Salmo 61(62)

A paz está em Deus

1. Acabam de ressoar as doces palavras do Salmo 61, um canto de confiança, que começa com uma espécie de antífona, repetida na metade do texto. É como uma jaculatória forte e serena, uma invocação que é também um programa de vida: «Só em Deus descansa minha alma, porque dele vem minha salvação, só ele é minha rocha e minha salvação, minha fortaleza: não vacilarei» (versículos 2-3.6-7).

2. O Salmo, contudo, mais adiante põe em contraposição duas formas de confiança. São duas opções fundamentais, uma boa e outra perversa, que comportam duas condutas morais diferentes. Antes de tudo, está a confiança em Deus, exaltada na invocação inicial, onde aparece um símbolo de estabilidade e segurança, a «rocha», ou seja, uma fortaleza e um baluarte de proteção.

O Salmista confirma: «De Deus vem minha salvação e minha glória, ele é minha rocha firme, Deus é meu refúgio» (versículo 8).

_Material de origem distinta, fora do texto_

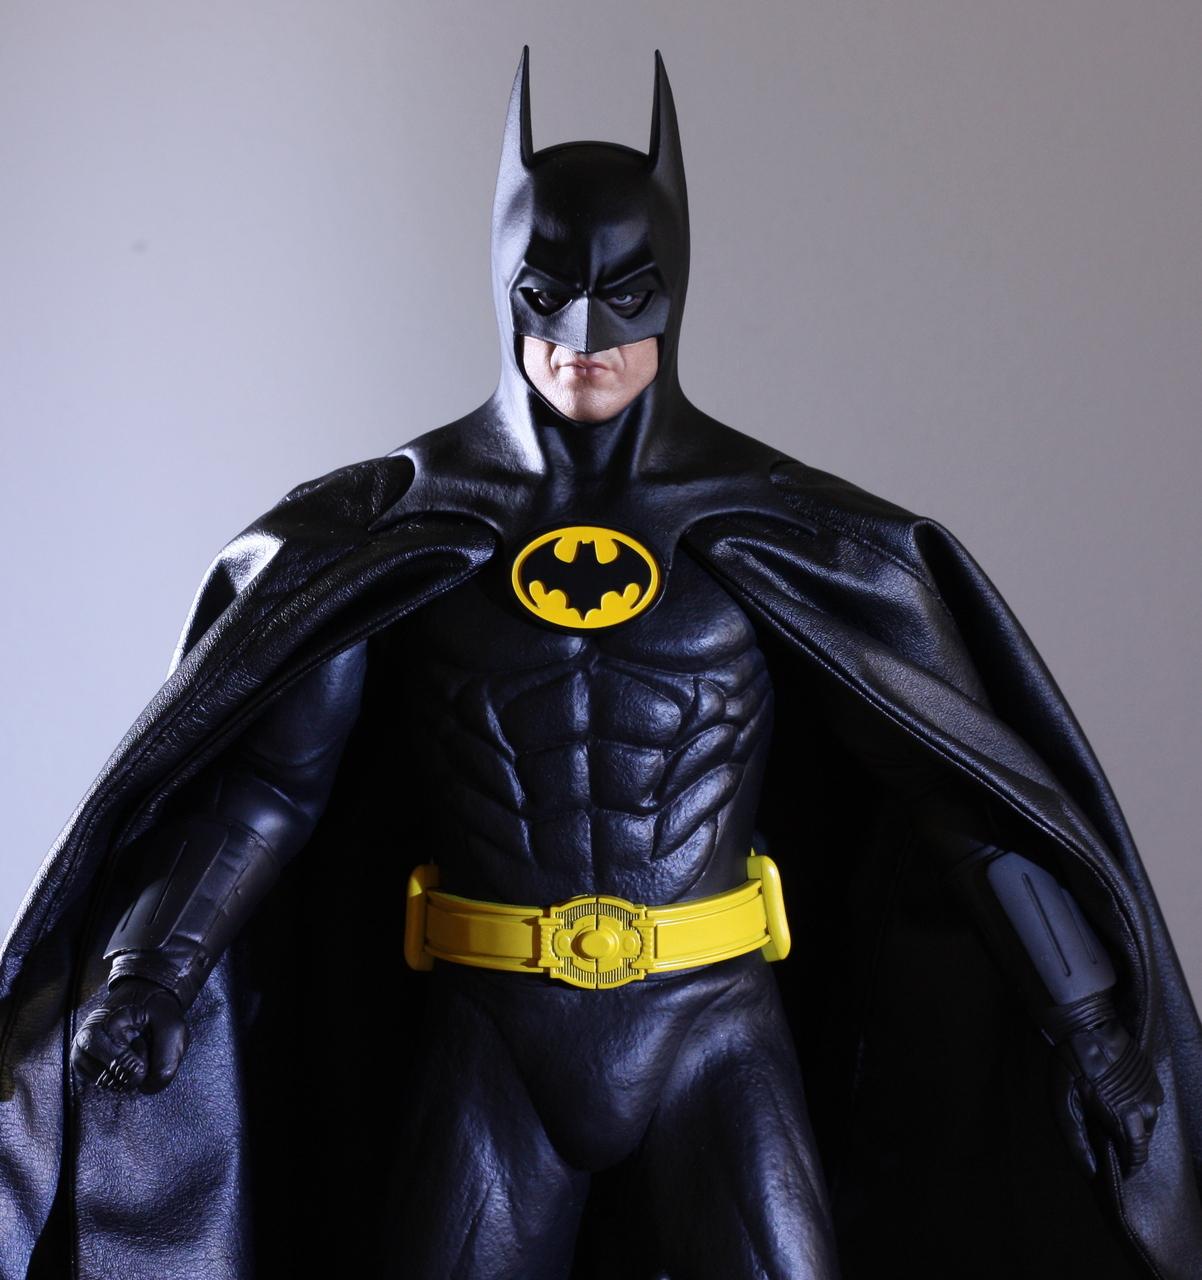 Http Www Emirates247 Com Entertainment Best Batman Bale Vs Affleck Or Val Kilmer 2013 08 26 1 518784

Diz isso após ter evocado as confabulações de seus inimigos que «só pensam em derrubar-me de minha altura» (Cf. versículos 4-5).

3. Mas está também a confiança de caráter idólatra, ante a qual aquele que ora fixa com insistência sua atenção crítica. É uma confiança que leva a buscar a segurança e a estabilidade na violência, no roubo e na riqueza.

Então se faz um chamado sumamente claro: «Não confieis na opressão, não ponhais ilusões no roubo; e ainda que cresçam vossas riquezas, não lhes deis o coração» (versículo 11). Evoca três ídolos, proscritos como contrários à dignidade do homem e à convivência social.

4. O primeiro falso deus é a violência À qual a humanidade segue recorrendo por desgraça também em nossos dias ensangüentados. Este ídolo é acompanhado por um imenso cortejo de guerras, opressões, prevaricações, torturas e assassinatos execráveis, cometidos sem remorsos. O segundo falso deus é o roubo, que se manifesta na extorsão, na injustiça social, na usura, na corrupção política e econômica. Muita gente cultiva a «ilusão» de satisfazer deste modo sua própria cobiça. Por último, a riqueza é o terceiro ídolo ao que «se apega o coração» do homem com a esperança enganosa de poder-se salvar da morte (Cf. Salmo 48) e assegurar-se o prestígio e o poder.

5. Ao servir a esta tríade diabólica, o homem esquece que os ídolos não têm consistência, e mais, são daninhos. Ao confiar nas coisas e em si mesmo, esquece que é «um sopro», «aparência», e mais, se se pesa na balança, seria «mais leve que um sopro» (Salmo 61, 10; Cf. Salmo 38, 6-7).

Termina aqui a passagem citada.